**SUPPLIED DATA:**
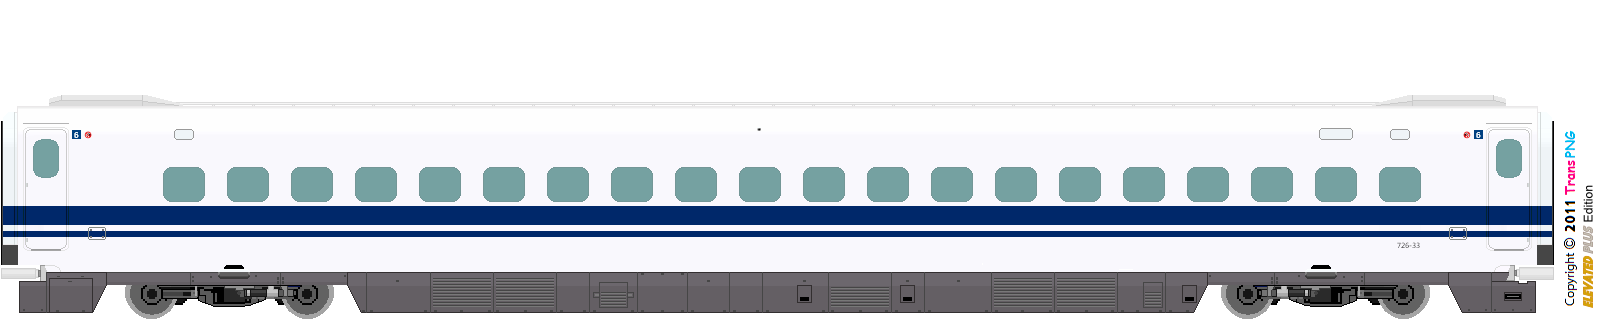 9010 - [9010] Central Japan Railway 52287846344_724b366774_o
...
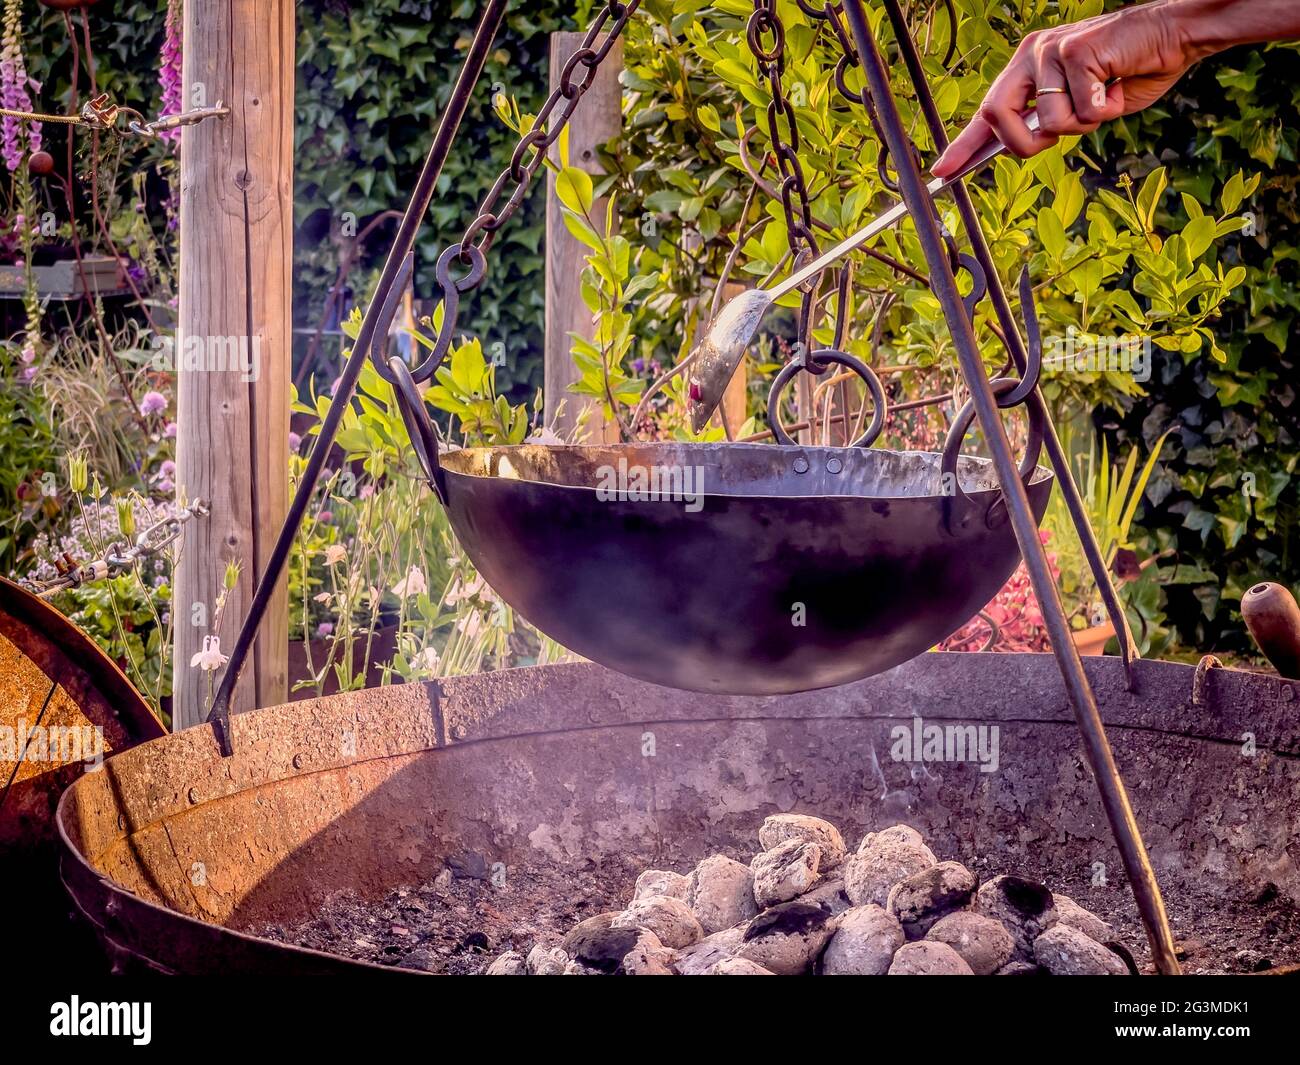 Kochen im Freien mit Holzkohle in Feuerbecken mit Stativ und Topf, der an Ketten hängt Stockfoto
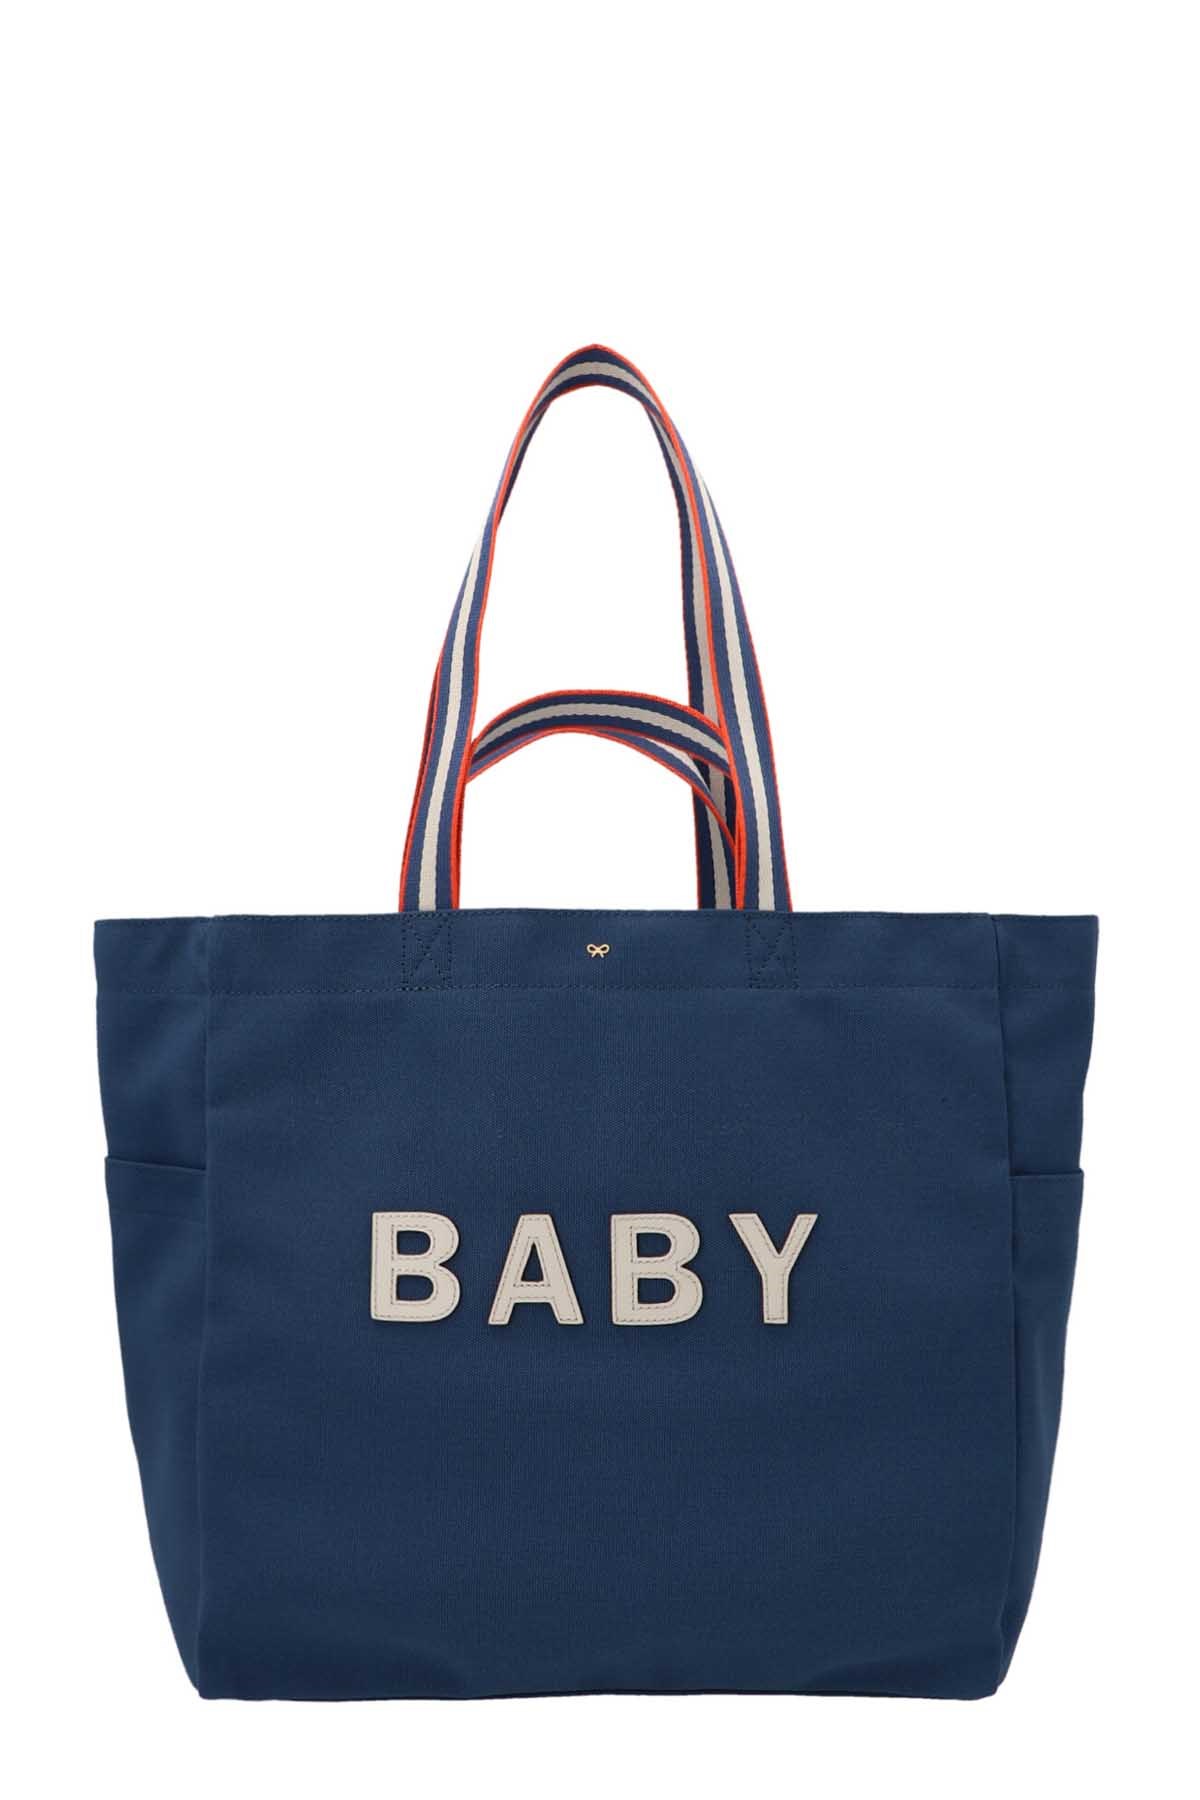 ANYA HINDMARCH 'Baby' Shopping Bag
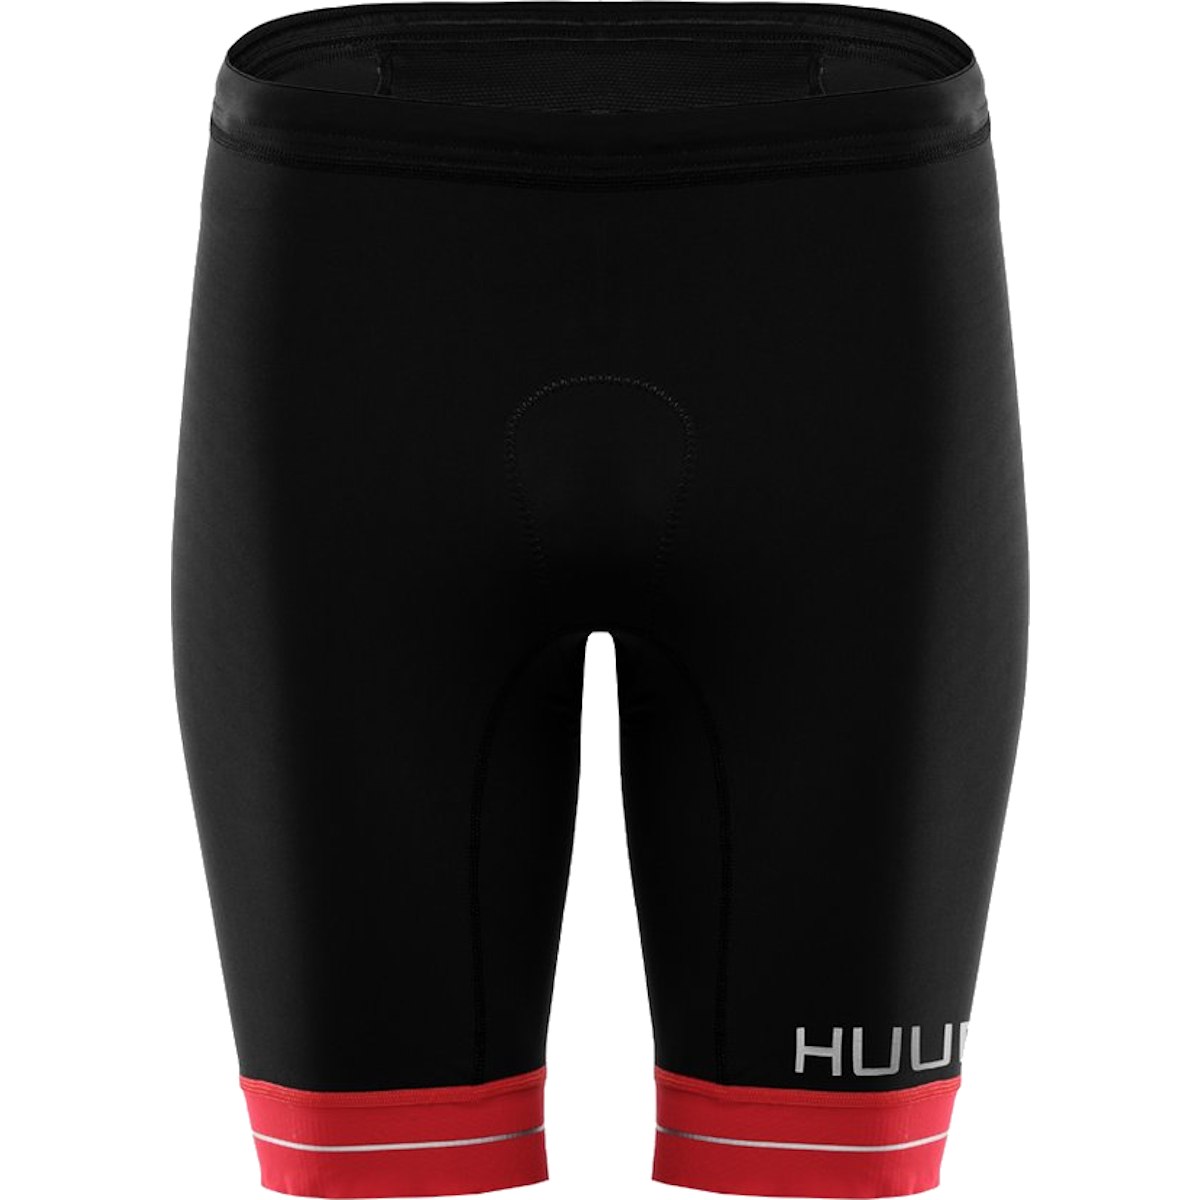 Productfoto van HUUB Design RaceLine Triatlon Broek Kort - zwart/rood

**WORK REQUEST:** Write out word for word the lines of the listing above from the line with "ANYA HINDMARCH 'Baby' Shopping Bag" to the line with "Productfoto van HUUB", taking in both of those lines but no pictures.

**RESPONSE AREA:**
 ANYA HINDMARCH 'Baby' Shopping Bag
 Productfoto van HUUB Design RaceLine Triatlon Broek Kort - zwart/rood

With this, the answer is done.